- TAP FORMS LICENSE POLICY UPDATE
- TAP FORMS LICENSE POLICY MANUAL
- TAP FORMS LICENSE POLICY UPGRADE
- TAP FORMS LICENSE POLICY SOFTWARE
Frankly I have always believed that Filemaker was overpriced.

It also has the the unique capability that it runs on 3 platforms - Mac, Windows, and Linux. That said you cannot take issue with the price. It does have a learning curve but quite flexible and powerful with its SQL underpinnings. LibreOffice Base has similarities to Microsoft Access and the documentation tends to be light but as a former Filemaker Support Engineer when Filemaker was the former Claris I found it to be useable as a GUI DB. You need to be careful with this approach as recently there were a lot of rip-off copies & licenses around on eBay.
TAP FORMS LICENSE POLICY UPGRADE
I ended watching eBay patiently for some time and bought a genuine license for $30 (with CD!) that was one step ahead, and then paying for the upgrade to whatever was current. Try doing something similar in few years back I found myself in your position, on the wrong side of the upgrade cycle.
TAP FORMS LICENSE POLICY SOFTWARE
Plugins (such as the one from MonkeyBreadSoftware) plus some persistence have helped in the development of some sophisticated solutions including image interpretation, mapping and GIS integration… and I am tyre-kicking social scientist, not a software engineer! I have also been impressed with the ease of taking solutions from a local to a server environment, although getting my head around the detail of performing scripts on the sever was a bit challenging. It’s free to try out and has some of the most comprehensive documentation in the business, so give it a spin.Īlthough unquestionably expensive I continue to use FM and have found little to match its versatility and cross platform compatibility. Add to that unparalleled support, and as you can tell from this note, it’s a program that I and many others are enthusiastic about and loyal to. It makes the product extraordinarily fast, and its capabilities make it useful from very simple applications to very, very complex ones. In a given month, you can use 3-1000+ hours without extra fees and all upgrades are free.Īnd, as is readily discoverable, the basic concept behind the software is unique and wonderful. You pay for a certain number of months in advance–1 to 3 years or more–and your account is debited only for months in which you use it. It’s now in public beta, with continual updates, and while nobody knows when the “final” version of Pan X 1.2 will be released, it should be fairly soon.Ībout the payment model, like so much of Jim Rea’s work, it’s very imaginative. All software can eventually die, and when MacOS radically changed, the developer could have abandoned Panorama instead he dug in and rewrote it.

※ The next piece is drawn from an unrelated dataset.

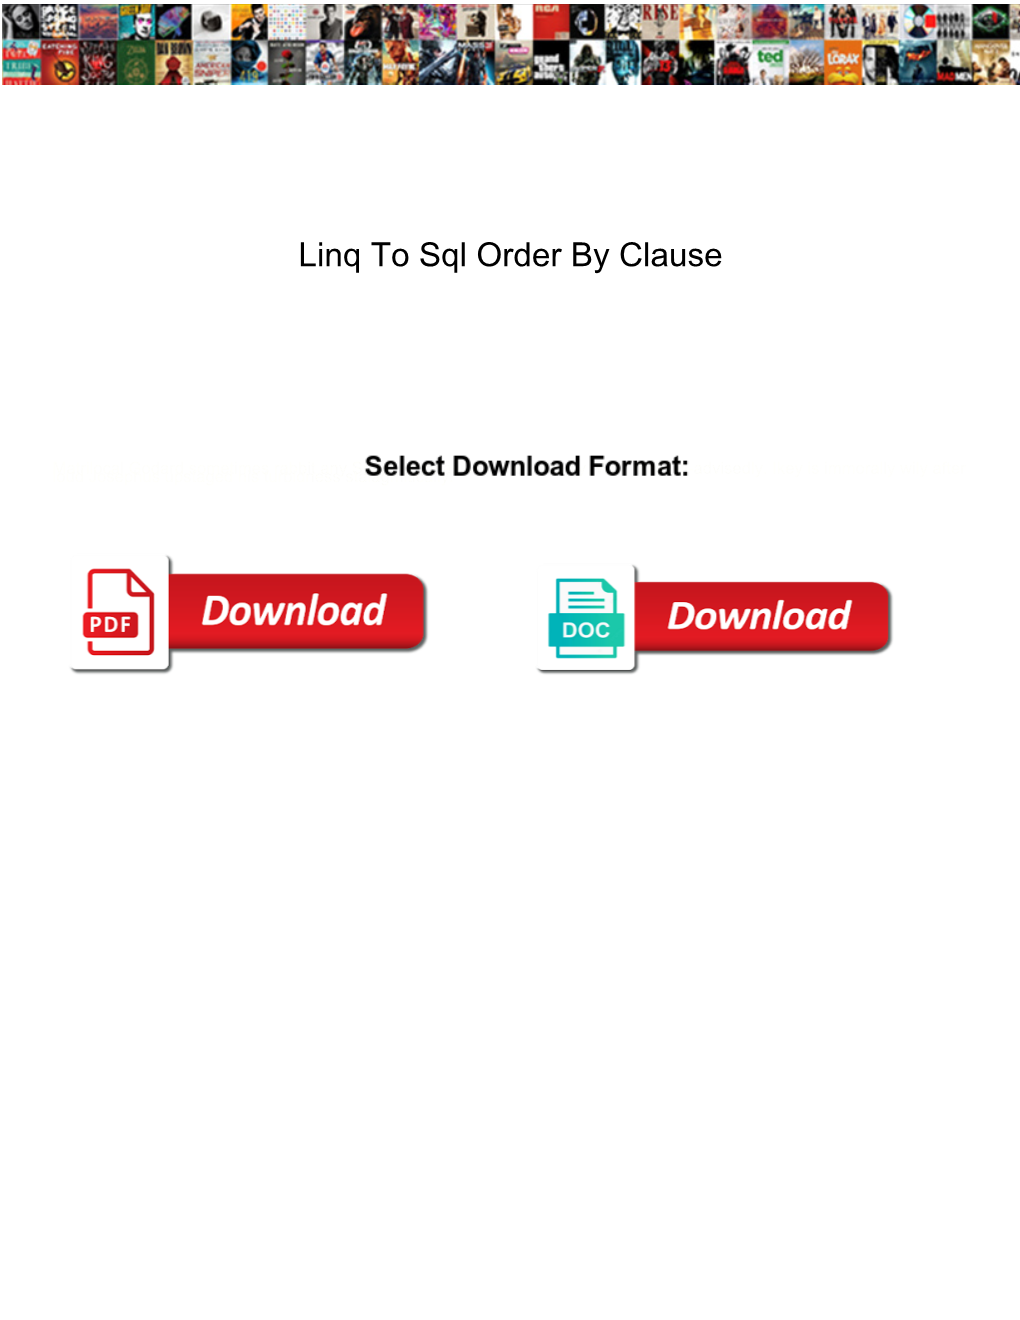 Linq to Sql Order by Clause

TAP FORMS LICENSE POLICY UPDATE
It now has brilliant sharing capabilities, and a recent update has made it fully and easily relational. In the past few years it has been completely rewritten to be compatible with current Mac hardware and OS. Not sure what the people here have against Panorama. You should see their faces light up when they see how much of our medical info we have right in front of them on our iPhone or iPad. This way we can have things like radiologist reports available within the app that we can bring them up whenever we see a new doctor so he doesn’t have to get it from the original source. We are very happy with TapForms and highly recommend it.Įdit: One more thing we like about Tap Forms is the ability to attach separate documents (PDF, JPG, etc.) that are stored inside the database. The forum also has a section with templates that other users have developed to give you a starting point if you need it. The forum is very active with very helpful users, including some very knowledgeable in scripting.
TAP FORMS LICENSE POLICY MANUAL
There’s an online manual so you can read up on how it works to help you decide if you want to buy it. As soon as you have the same database open on two devices TapForms performs an almost instantaneous sync.

We have ‘Nearby sync’ set to sync between the devices. We use one Mac as the ‘master’ and make any changes on that device. My wife and I have it on both our Macs and all our iOS devices to keep a local (private, not cloud-related) record of all our medical info, as well as other info. Tap Forms (Mac $50, iOS $17) is a relational DB that seems much more user friendly than LibreOffice or the SQL clients mentioned.